Он снова сплюнул кровь. Не ответил. Снова припал к ноге.
Мне стало дурно.
Я почувствовала головокружение и нервную дрожь в кончиках пальцев. Отчего это у меня? Яд начал действовать? Или от истерики? Господи, да я сейчас дуба дам!
Укушенная нога начала неметь, но, когда Максимка объявил, что вроде бы все, она моментально ожила.
– Гадюка, – поведал он, вытирая губы. Камни возле него усеяли кровавые плевки. – Будь осторожнее, они здесь попадаются.
– Да? А раньше ты не мог сказать?
– Раньше не попадались.
– Блин! – в сердцах воскликнула я.
Максимка помазал ранку смолой. Я постепенно приходила в себя. Меня убивали двести пятьдесят раз. Пытались и застрелить, и замуровать в подземной пещере, зарубить при помощи мачете и утопить в Темзе. Много чего было. Однако погибать от укуса змеи еще не доводилось. Видимо, в жизни все надо испробовать.
– Спасибо, Максимка. – Я чмокнула его в макушку. – Теперь ты мне жизнь спас.

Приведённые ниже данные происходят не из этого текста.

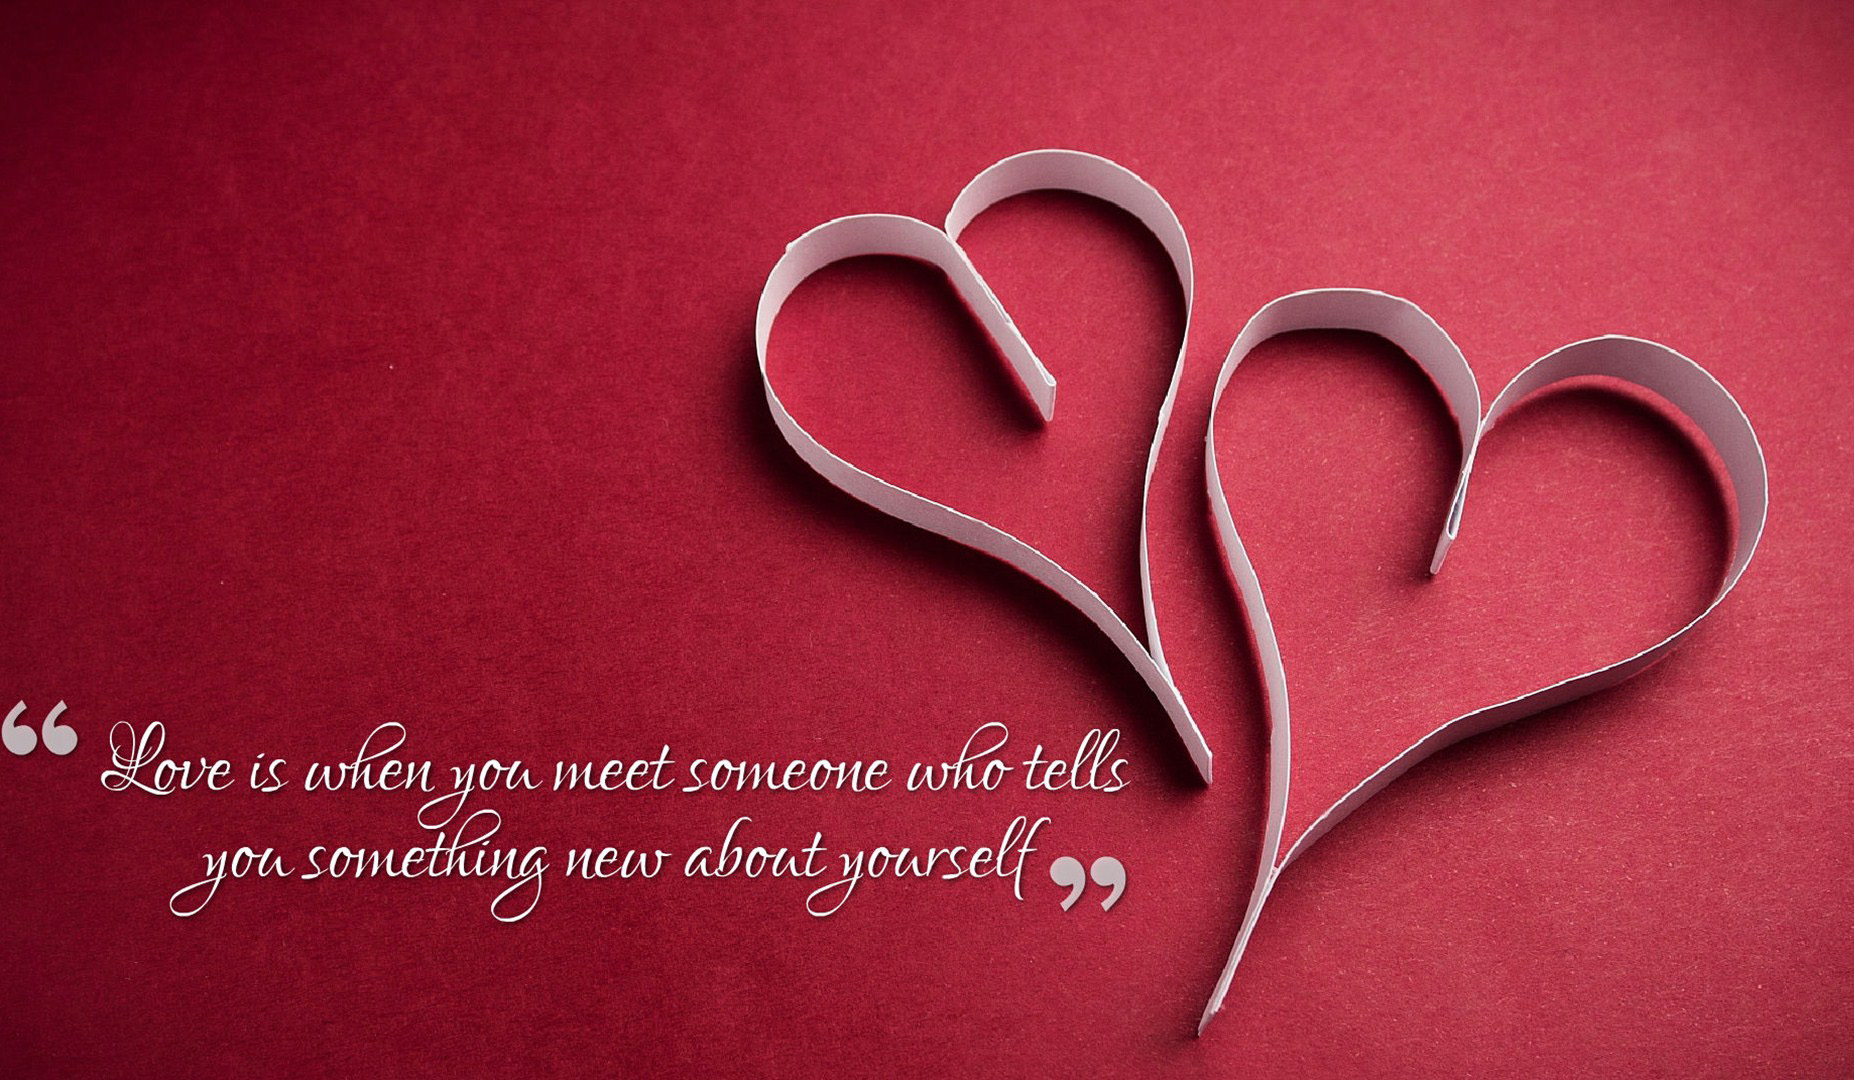 11+ Awesome And Heartfelt Quotes On Love

Он недовольно отмахнулся. Ну конечно, настоящему мужчине не до телячьих нежностей.
Глава 2
Благодарность и гостеприимство
Через час туман поредел, сквозь него стали прогладывать очертания скал и деревьев. А еще через двадцать минут мы наткнулись на яму, на дне которой в позе «лотоса» сидел старик в выцветшем, когда-то оранжевом халате. Глаза его были закрыты.
Я присела на краешек, оглядывая находку. Яма была глубиной метра три. Стенки гладкие, выбраться из нее самостоятельно невозможно. Необычное место для медитаций.
– Монахи стали встречаться, – сказала я Максимке. – Видать, мы на верном пути к монастырю.
– Оставьте меня, демоны! – проскрипел монах, не открывая глаз. – Вас не существует. На самом деле вы являетесь иллюзией моего разума! Покиньте меня! Идите прочь!
– Может, пойдем, а? – попросил Максимка. – Не надо ему мешать, мало ли чего…
– Уважаемый, – сказала я. – Подскажите, пожалуйста, далеко ли до монастыря?
Он поднял веки, обвисшие, словно складки занавеса.
– Люди? – прошептал он. И неожиданно заорал так, что Максимка выронил свой посох: – Люди-и!!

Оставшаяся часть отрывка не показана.